MLB statistics (through August 16, 2026)
- Batting average: .125
- Home runs: 0
- Runs batted in: 0

Teams
- Chicago Cubs (2026–present);

= James Triantos =

American baseball player (born 2003)

James Douglas Triantos (born January 29, 2003) is an American professional baseball second baseman and outfielder for the Chicago Cubs of Major League Baseball (MLB).

==Amateur career==
Triantos attended and played high school baseball at James Madison High School in Vienna, Virginia. During his senior year, he hit .712 while striking out only twice and also pitched to a 1.18 ERA, leading his team to a Class 6A State Championship. Triantos reclassified from the 2022 draft class to the 2021 class.

==Professional career==
Triantos was selected in the second round of the 2021 Major League Baseball draft by the Chicago Cubs. He signed for $2.1 million, forgoing his commitment to play college baseball at the University of North Carolina. He saw limited action with the rookie-level Arizona Complex League Cubs during his first professional season, and posted a .327/.376/.594 slash line in 25 games.

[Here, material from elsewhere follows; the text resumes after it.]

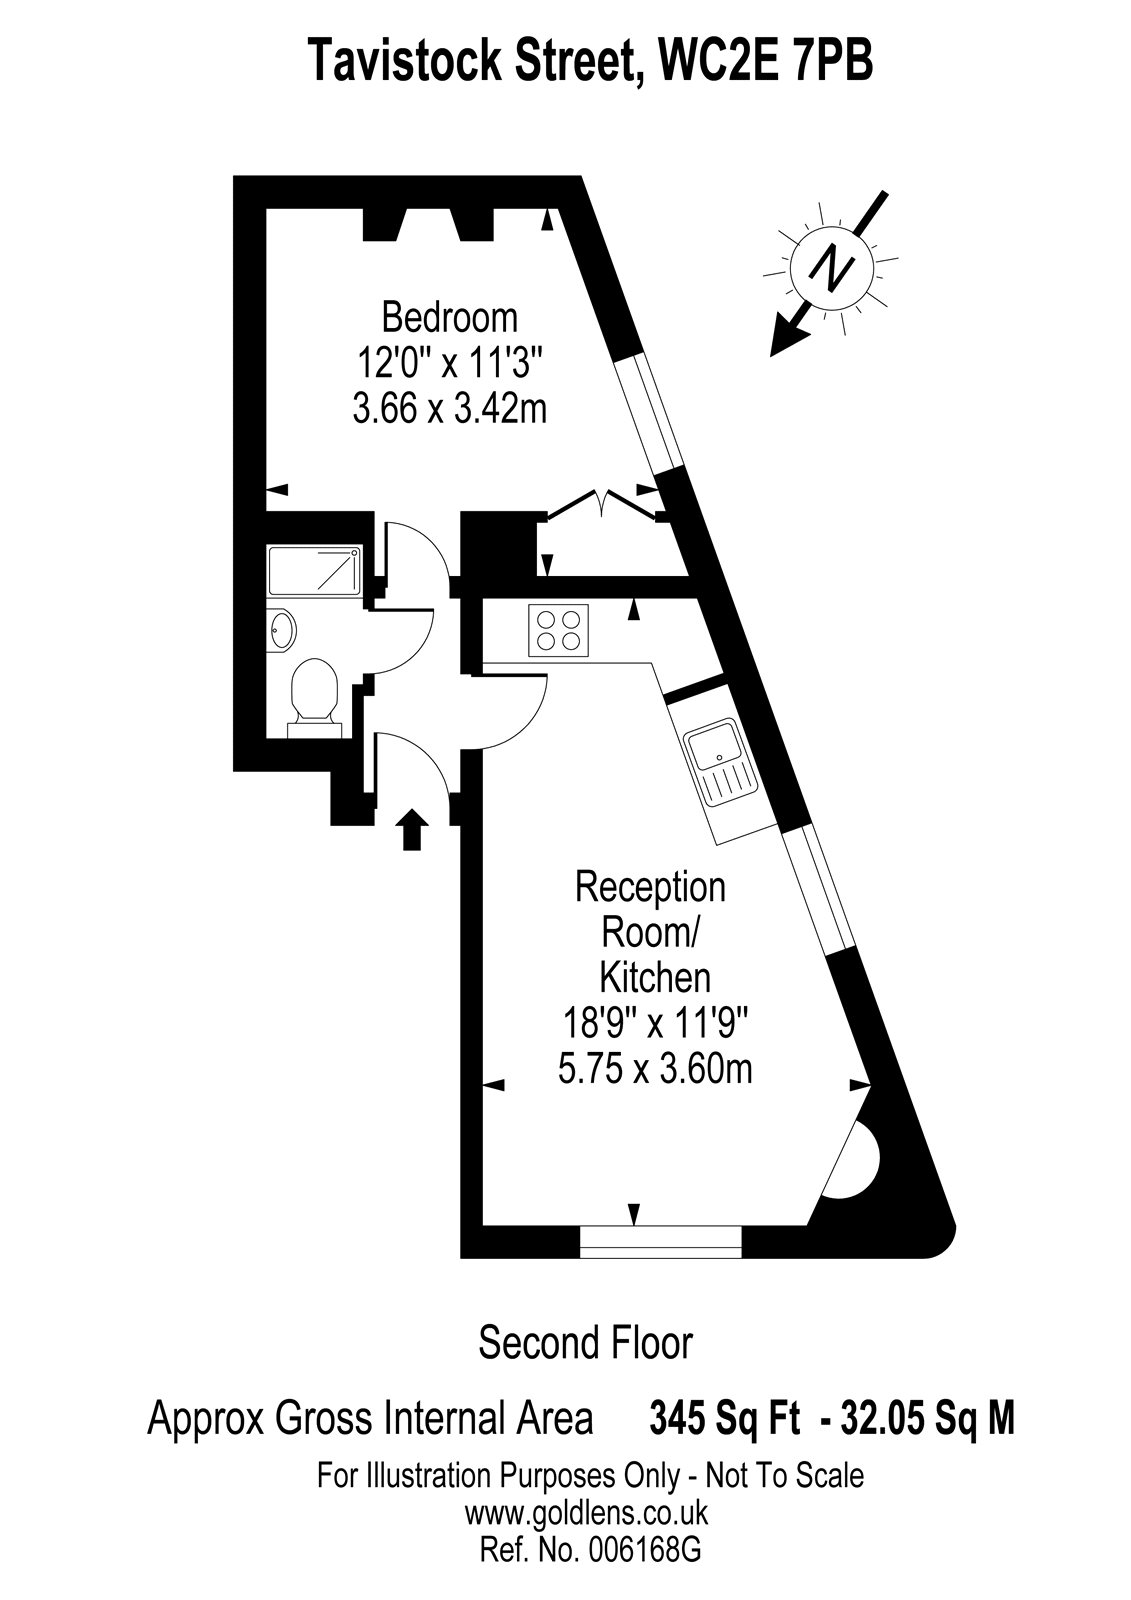 1 Bedrooms  to rent in Tavistock Street, London WC2E

In 2025, Triantos made 110 appearances for the High-A South Bend Cubs and Triple-A Iowa Cubs, batting .259/.315/.370 with seven home runs, 47 RBI, and 31 stolen bases. On November 18, 2025, the Cubs added Triantos to their 40-man roster to protect him from the Rule 5 draft.

Triantos was optioned to Triple-A Iowa to begin the 2026 season.